A 2017 study by the Center for American Progress found that “23.5 percent of transgender respondents avoided doctors’ offices in the past year” for fear of negative treatment.
A ruling against the Obama-era regulation would mean transgender patients could not seek administrative redress through the HHS Office of Civil Rights, and would have to take their cases to court.
Samuels called litigation a “really inadequate enforcement mechanism” to combat discrimination because of substantial court fees and the protracted nature of the process. She also said this route would not enable patients to receive the benefits of the HHS Office of Civil Rights’ investigative or enforcement powers.
O’Connor has a history of health care and nondiscrimination rulings that concern LGBTQ advocates. He issued an injunction in August 2016 against the Department of Education’s Title IX guidance that sought to protect transgender students. He wrote that at the time Title IX came into effect, “the plain meaning of the term sex … meant the biological and anatomical differences between male and female students as determined at their birth."

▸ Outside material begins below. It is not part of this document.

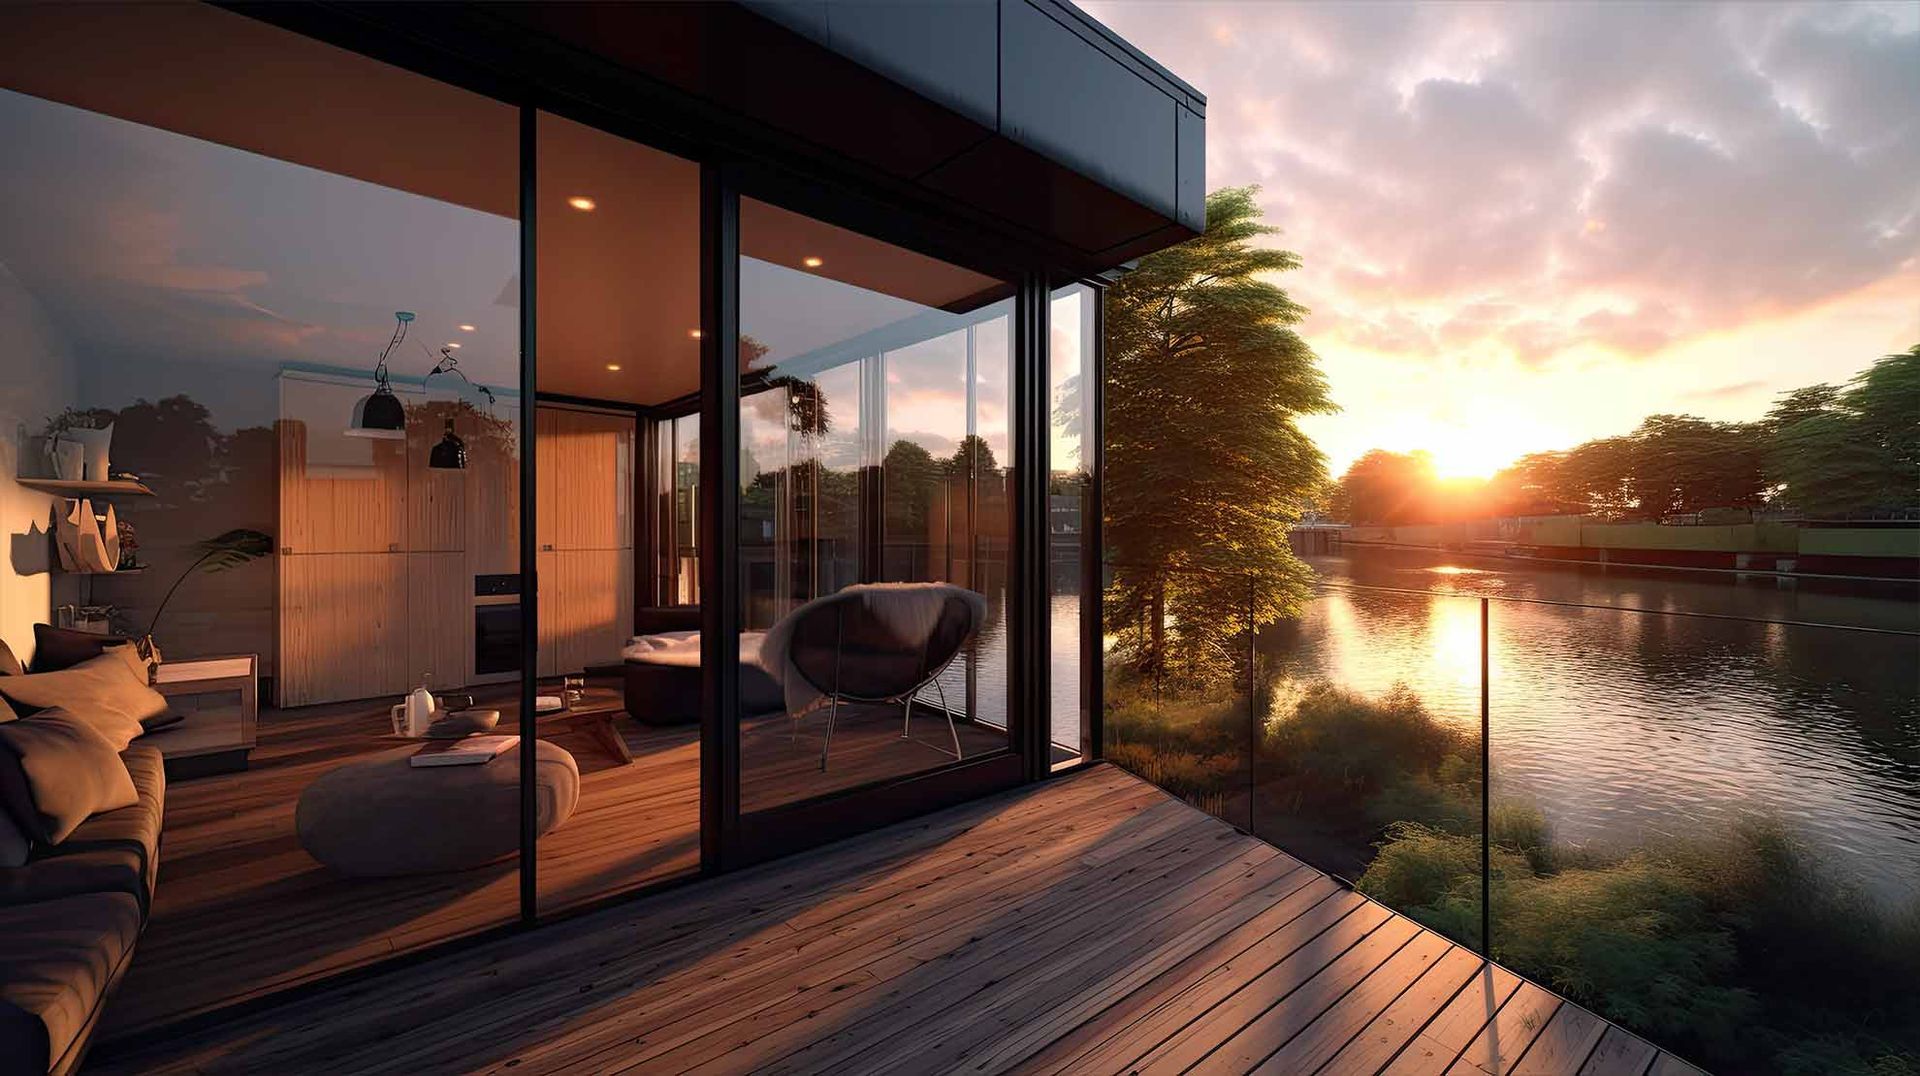 Künstlerische Darstellung eines modernen Hauses mit Blick auf einen See bei Sonnenuntergang.

Justin Nelson, a law professor at the University of Texas, Austin, told NPR this week that O’Connor has been the “go-to judge” for conservative attorneys “who want to file ideological suits in any court across the country.”
O’Connor’s office did not immediately respond to NBC News’ request for comment on this article.
Samuels said if O’Connor decides the nondiscrimination regulation in Section 1557 of the Affordable Care Act is unlawful, it could potentially influence other courts’ interpretations of “sex” discrimination, an issue that many expect to make its way to the Supreme Court.
Currently, there are several cases pending before the Supreme Court regarding the definition of “sex” in Title VII of the 1964 Civil Rights Act, which prohibits employment discrimination on the basis of “race, color, religion, sex and national origin.”
Until the high court hears any of these cases, which Samuels thinks is quite possible this term, interpretation of “sex” discrimination law will remain a subject of dispute.
While the issue plays out in the courts, Branstetter stressed that discrimination is “an enormous problem that needs solutions.”
“Discrimination in health care against transgender people is not a hypothetical,” she said. “It’s unfortunately quite frequent.”